There’s New Hope About Ending Blindness

August 25, 2016

From the day Christian Guardino was born, his mother, Elizabeth, knew that something was wrong with his eyes. They would jiggle and jerk and roll up into his head. One eye turned inward. When she fed him, instead of gazing up at her, Christian would stare at the brightest light around—a lamp if they were indoors, the sun if they were out. It was unsettling.

The first eye doctor who saw Christian grimly referred the family to a specialist at New York’s Mount Sinai Hospital. The specialist performed an electroretinogram (ERG), a procedure in which a tiny electronic sensor placed on the eye measures the retina’s response to bursts of light. A healthy retina will respond by firing an electrical signal down the optic nerve that produces, on the ERG machine’s printout, a deep valley followed by a tall peak. Christian’s ERG produced no such thing: only squiggles, ill-formed and weak.

Christian, the doctor told Elizabeth, had a retinal disease called Leber congenital amaurosis (LCA). His vision, already bad, would never significantly improve. Nothing could be done. The boy would see little of the world and would always walk, once he learned how, with a cane.

Christian did need a cane, and his mother’s guiding hand, when in 2012, at age 12, he first visited a clinic run by the University of Pennsylvania’s Scheie Eye Institute. Yet this January he walked through the institute’s main building cane free and seemingly fearless. Joking and chatting, the teen led a klatch of Ph.D.’s, M.D.’s, lab techs, and me through the airy lobby. He marveled at the towering atrium, the shiny balconies where people sat having coffee.

“Whoa!” he said as we neared the building’s exit—for before us an enormous revolving door turned its huge blades. His mother was some distance behind; he was on his own. Christian neither stopped nor paused. He walked calmly through the opening of the spinning wedge of steel and glass and held his pace as one glass wall closed behind him and another smoothly swung out of his way. He stepped into the sunlight.

Christian Guardino could see. Everything that had posed an obstacle before—light and dark, steel and glass, the mobile and the immovable—now brought him pleasure. The world had opened before him.

“Can you believe this?” Elizabeth asked a few minutes later. Ahead of her, Christian walked with Jean Bennett, whose lab at Penn produced the gene-laced fluid that gave Christian sight. “It happened so fast,” Elizabeth said.
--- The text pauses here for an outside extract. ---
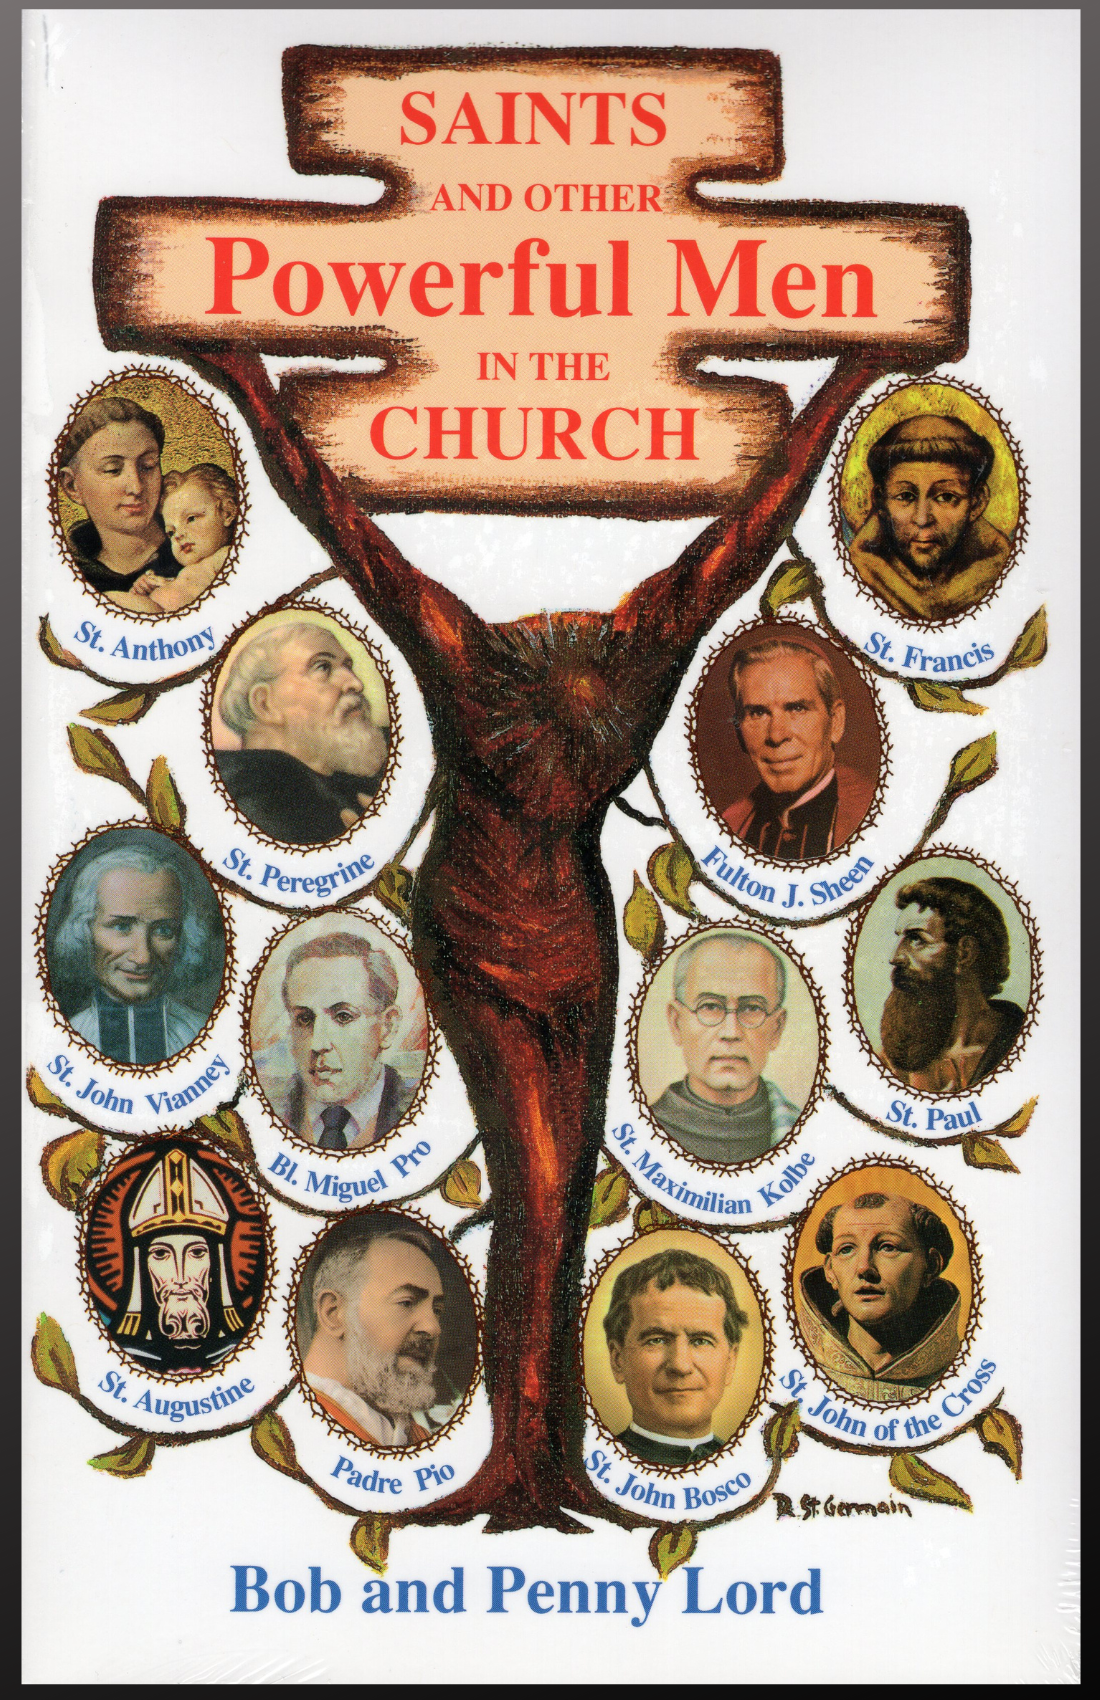 Saints and Other Powerful Men in the Church Book - Bob and Penny Lord

Just three days after his first eye was treated, Christian could see her. “I went from wondering if my son would ever know what I looked like to … well, this,” she said, gesturing at him walking unaided. “It’s like a miracle.”

Christian’s miracle was hard-won. It rose from 20 years of unrelenting work by Bennett and her collaborators, who identified the genetic mutation that crippled Christian’s retina, then figured out how to sneak a good copy of that gene into his eye. Bennett started trials for the therapy merely hoping “that we could detect some hint of improvement.” Nine years later she is astonished that it seems to have worked so well.

Bennett takes care not to aggrandize her work or underplay the obstacles to further progress. Yet the gains so far for Christian and other patients give Bennett guarded hope that this basic gene-replacement approach might work for other forms of blindness. She and others believe that variations on her technique might soon help doctors find and fix similar genetic defects early enough—perhaps even in utero—to reverse or prevent eye damage.

Within roughly the past decade, efforts in two other areas, stem cells and biomedical, or “bionic,” implants, have also given at least some sight to people previously sightless. Stem cells—cells in early stages of development, before they differentiate into the building blocks of eyes, brains, arms, and legs—show increasing promise to replace or revive the failing retinal cells that underlie many causes of blindness. And the first generation of bionic retinas—microchips that replace failed retinal cells by collecting or amplifying light—is bringing a low-resolution version of sight to people who for years saw nothing.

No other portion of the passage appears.